### [What to work on]
Lines before the one containing "Schwere Qualität und" are left out; output the rest of the data exactly, through the final line.

### [The data]
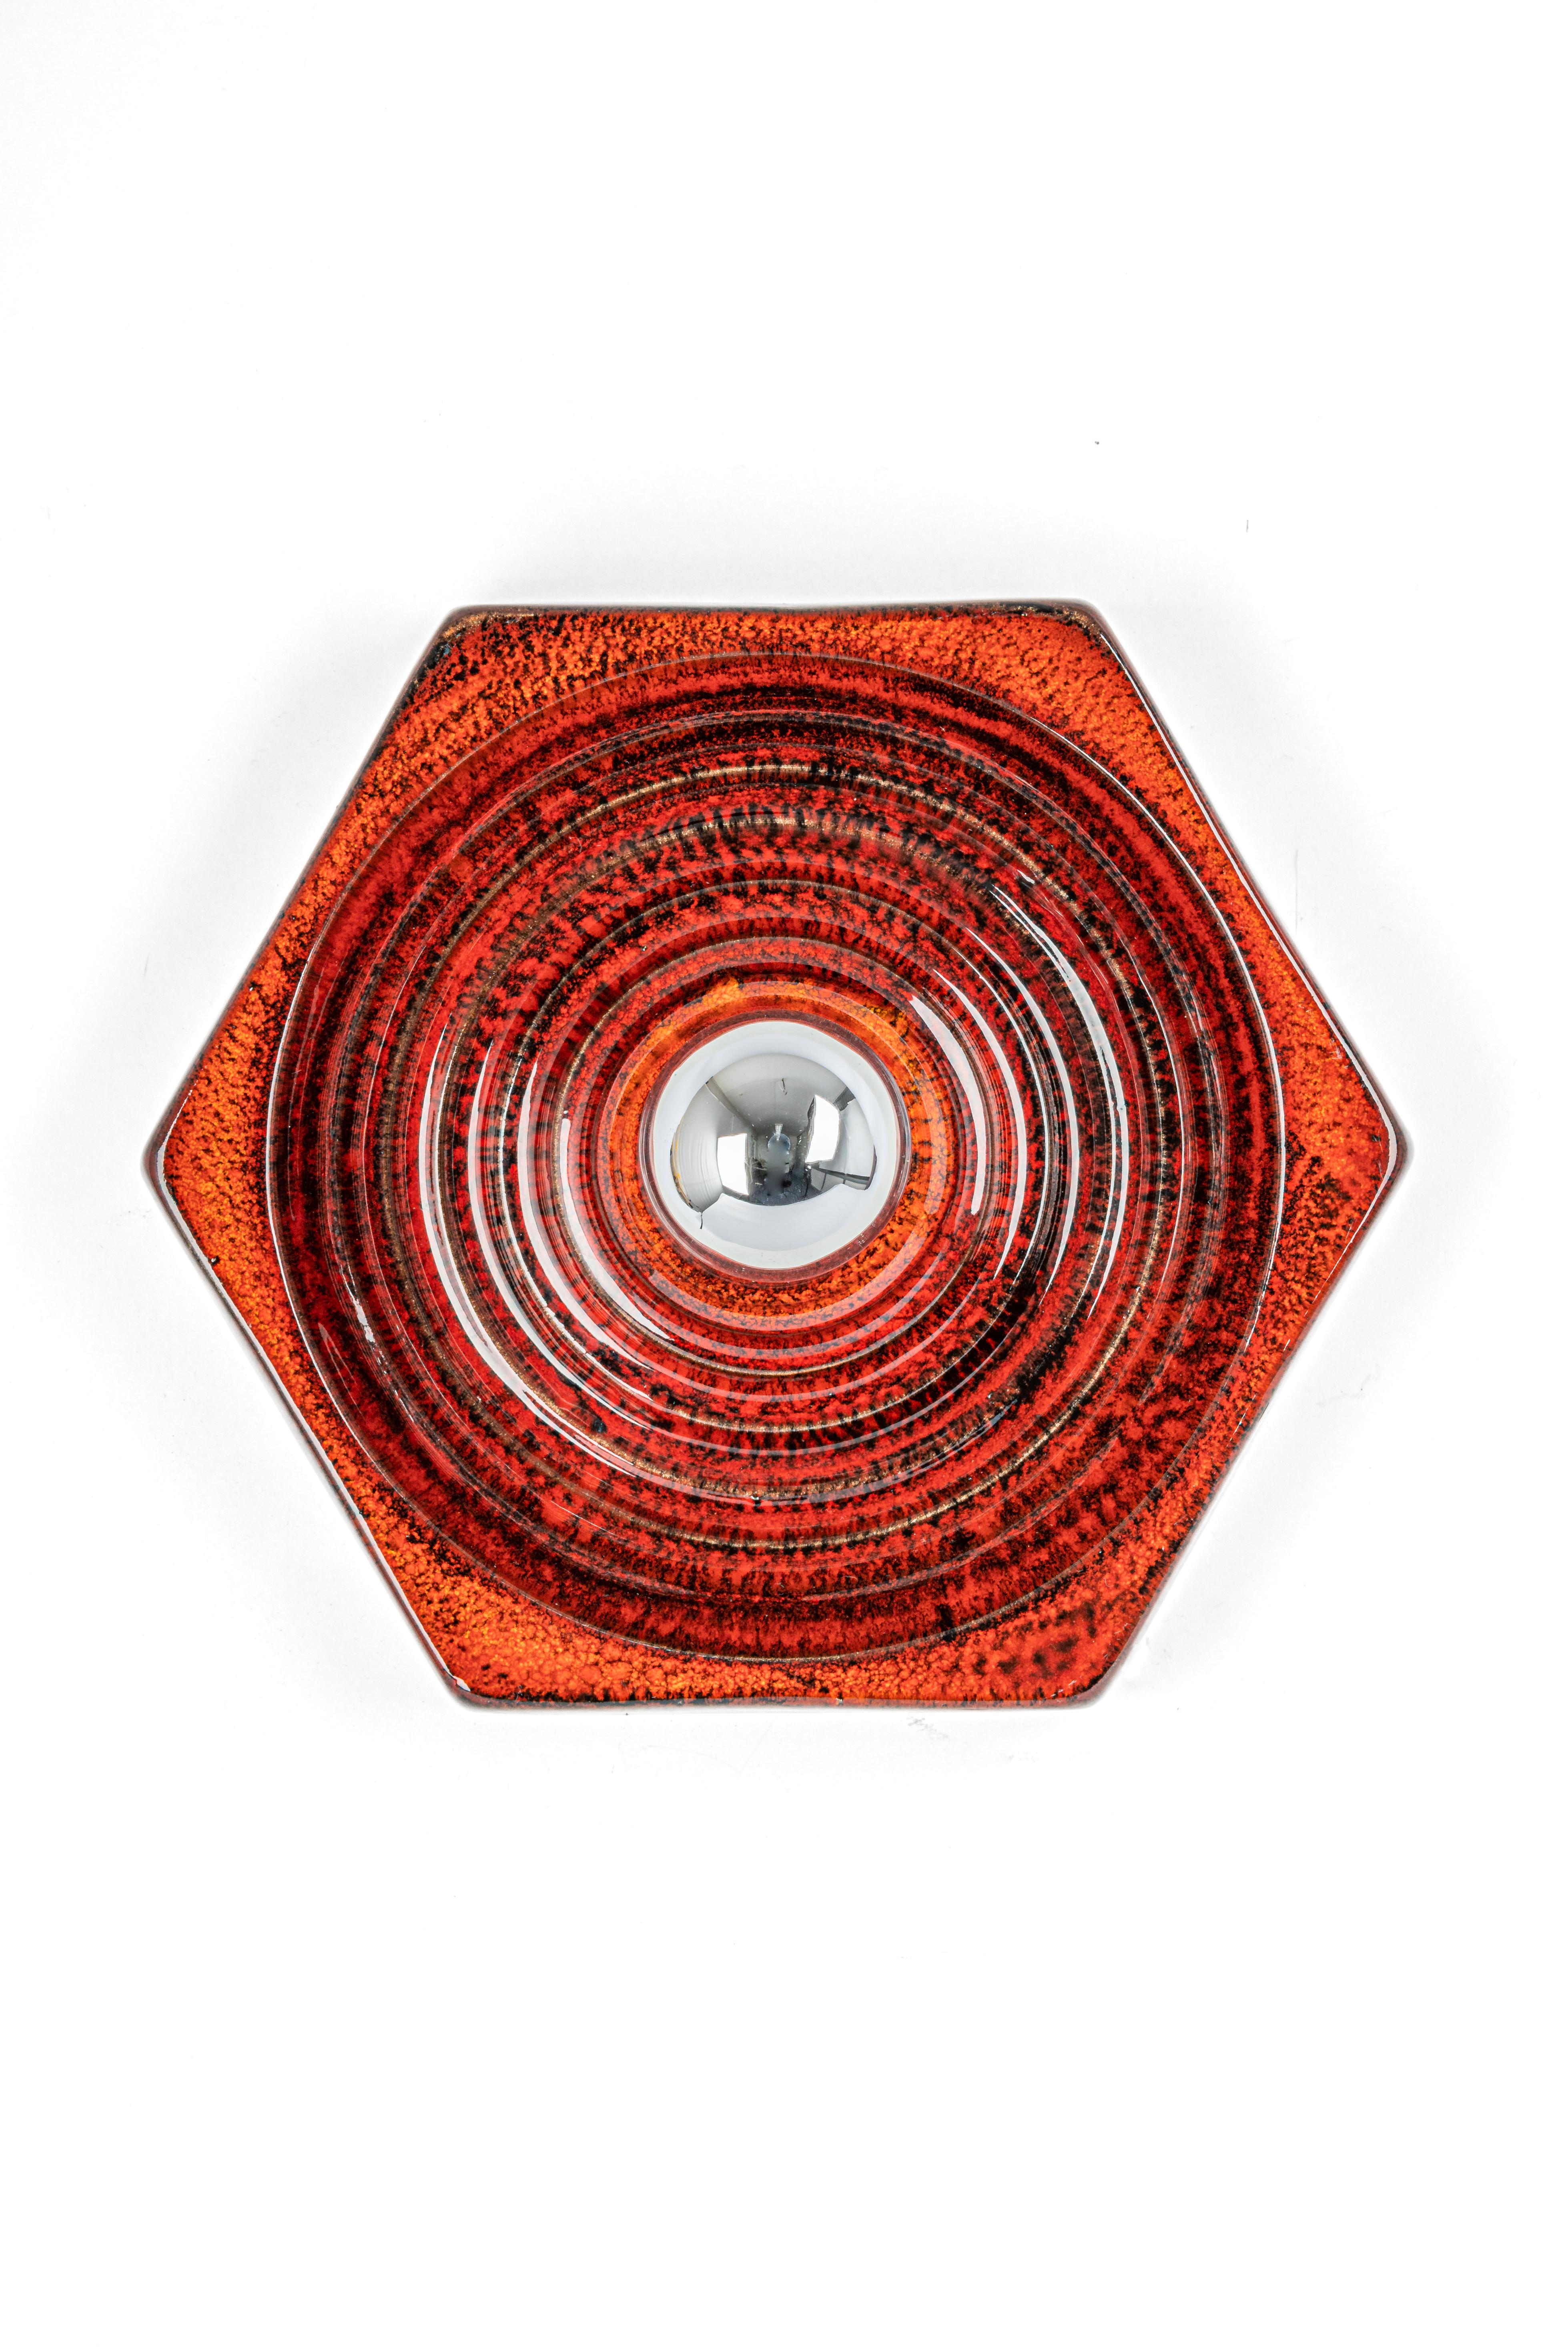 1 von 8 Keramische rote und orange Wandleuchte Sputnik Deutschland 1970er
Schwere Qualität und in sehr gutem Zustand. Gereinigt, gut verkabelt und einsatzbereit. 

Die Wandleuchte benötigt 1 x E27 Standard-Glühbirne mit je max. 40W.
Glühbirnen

### [Answer to the exercise]
Schwere Qualität und in sehr gutem Zustand. Gereinigt, gut verkabelt und einsatzbereit. 

Die Wandleuchte benötigt 1 x E27 Standard-Glühbirne mit je max. 40W.
Glühbirnen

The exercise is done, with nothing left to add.